Trakra's new Trakkadu, built on the Volkswagen Transporter T7 platform and reported by New Atlas on June 10, 2026, treats the cabin as a platform rather than a floor plan. A pair of long floor rails runs the full length of the interior, and the rear bench, kitchen console, and bed modules lock into those rails at whatever spacing the owner needs. The same cabin can be set up as a solo overnight, a weekend rig for two, or a family week with a child, without reordering a custom build.
The rails are the actual change. The complementary one is electrical. Trakra specs a 48V lithium system with rooftop solar, sized to run appliances off-grid rather than just survive on a minimal house battery. The combination matters because the point of a reconfigurable interior is that any given layout still has to actually power what is in it. A 90-liter fridge, induction, lighting, and a water heater all draw real load; the rail system determines what is where, and the 48V solar-backed lithium system determines whether any of it runs without shore power or idling the engine.
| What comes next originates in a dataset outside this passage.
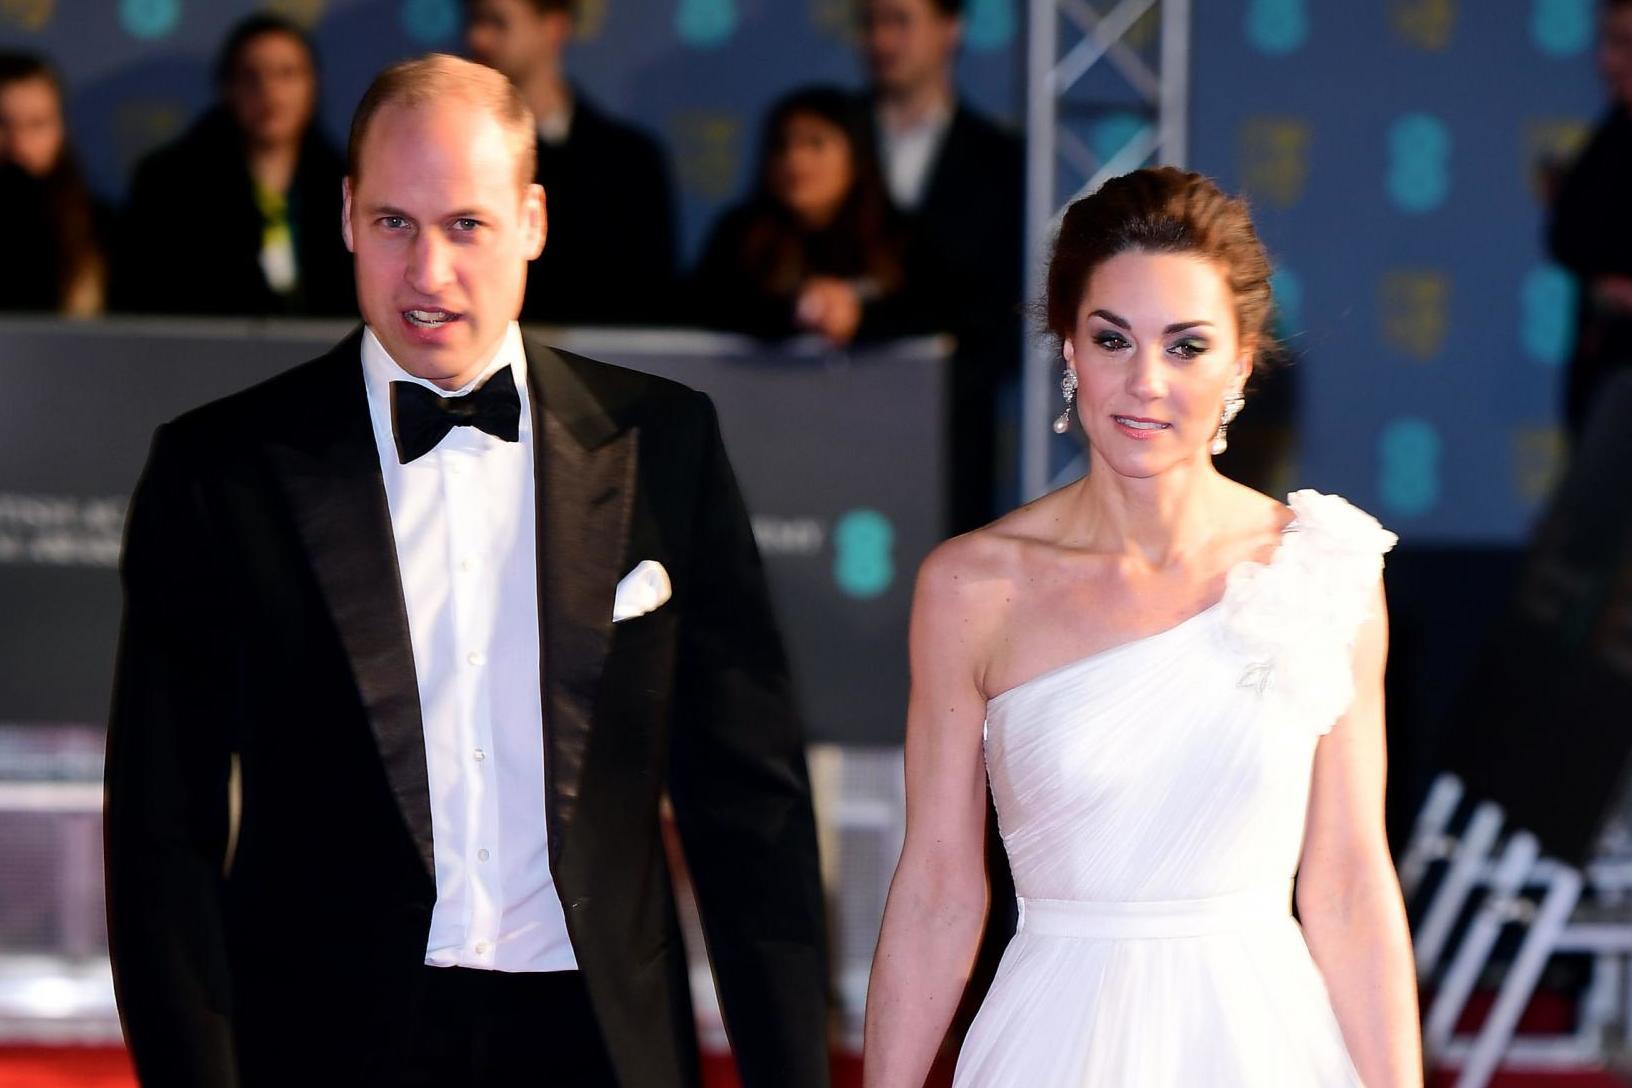 On Kate Middleton

Two floor plans show the range. The primary layout puts a 90-liter fridge on the driver's side and a kitchen console opposite, with a removable dining table that pairs the rear bench with the swiveling cab seats to form an indoor dinette. An alternate spec adds a sliding passenger-side door and a second, indoor/outdoor-access fridge that can be reached from outside the van, useful for a camp chair and a beer after a long drive. The pop-up roof above has been redesigned to be lighter, sleeker, and airier, and it is the practical reason the dinette can sit low enough not to cramp headroom when the roof is down.
The self-containment story is the part buyers should read carefully. The Trakkadu's onboard toilet is an option, not standard equipment, and Trakra markets the package as the path to free-camping without running a generator. Optional self-containment is the decision that determines whether the platform can actually be used freely: it is gated behind an upsell, not included. The outdoor shower is also optional, useful for sandy kids and dirty dogs but not part of the base build.
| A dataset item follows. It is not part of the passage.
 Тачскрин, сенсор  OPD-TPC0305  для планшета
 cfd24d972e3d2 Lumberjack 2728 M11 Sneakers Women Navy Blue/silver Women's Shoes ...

Two things temper the "California-style" framing New Atlas uses. The first is honest: a four-person rear dining setup in a T7-sized cabin is cramped, and the swiveling cab seats do real work to make the dinette usable. The second is the framing itself. "California-style" is shorthand for a VW-based pop-top camper with a fixed interior; the Trakkadu's pitch is that the interior is not fixed. The interesting comparison is not to the California but to other modular platforms, and there are not many of them in this segment yet, which is why the rail system is the news rather than a line item.
What to watch: Trakra has not, in the source reporting, published pricing, market availability, or production volume. The Trakkadu's design argument is that platform beats floor plan. Whether the argument holds depends on how the optional toilet, the alternate floor plan, and the 48V solar package are priced and bundled. A platform with a four-figure options list and a six-month wait is still a floor plan in practice, just one you assemble yourself.